The judge said that all those who commit crimes against women must be taken by the scruff of the neck and taught a lesson. Yes, it’s high time we gave up hypocrisy and started dealing with the real problem in order to find a permanent solution. Changing the mindset will do a lot of good for the country in the long run.
—Sunil Vaidya, by email
You are welcome
The chief minister of Delhi, Sheila Dikshit, has candidly admitted that her own daughter feels unsafe in Delhi. Coming from a mother, we can empathise with her emotional outburst. But coming from the chief executive of the state it is tantamount to complete abdication of responsibility. If the chief minister’s daughter feels unsafe in the city, what hope do the daughters of the aam aadmi have? The situation in Delhi being so hopeless, the government should seriously consider putting up a hoarding with the legend: “Welcome to Delhi – the rape capital of India”.

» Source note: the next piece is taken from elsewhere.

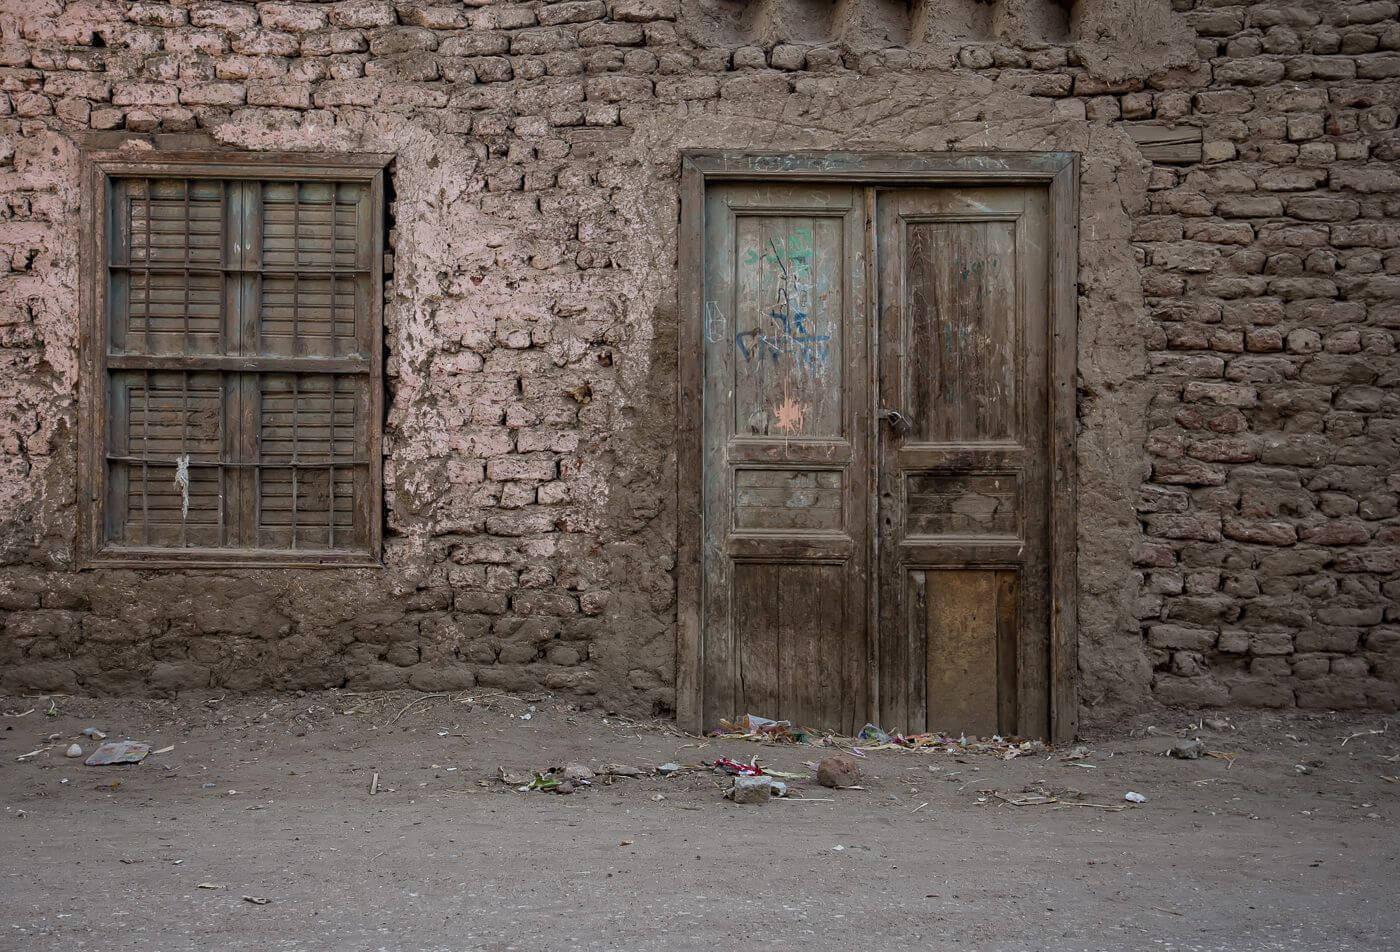 Luxor, Egypt - Photo by Zed Sindelar of CuriousZed Photography
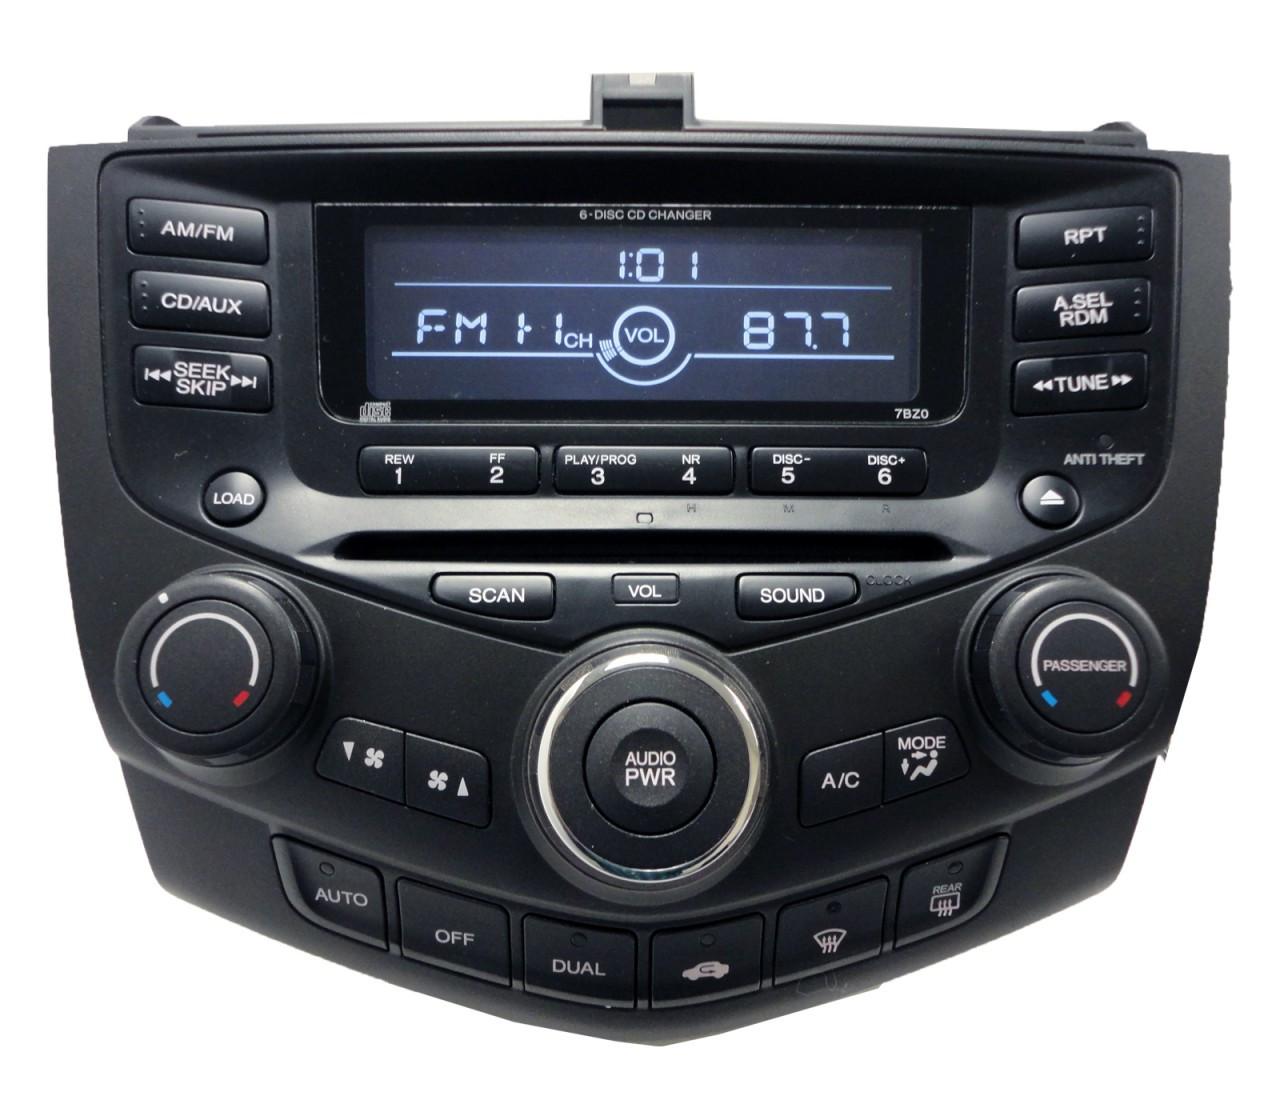 7BZ0 Honda Accord EX L Radio AUX MP3 Player 6 CD Changer

—Robert Castellino, Mumbai
Go slow on Aadhaar
Apropos of “Aadhaar to be mandatory for land deals”, it is distressing to read about the government’s insistence on this identification proof when a large number of citizens who have applied for it have not received the cards and an equally large number have yet to apply for it. There has been a rush for the Aadhaar card after it was announced that it is necessary to get subsidised LPG cylinders, provident fund, and payment under MNREGA.
The Aadhaar centres are unable to cope up with this rush and this has given rise to unfair practices for a service that is supposed to be free of charge. The government ought to go slow on making the Aadhar number compulsory, while ensuring adequate arrangement for the issue of the cards.
—Kishorekumar J Ved, by email
Leaning towards Maharashtra
The Maharashtra Ekikaran Samiti has won the Belgaum municipal elections yet again. The party is pro-Maharashtra and despite the best efforts by the Karnataka government, organising Kannada celebrations in the region a few years ago and holding the winter session of the state legislature there, it seems that the people of Belgaum favour joining Maharashtra. The President of India should take note of this fact and hold a referendum in Belgaum towards reaching a decision on the issue.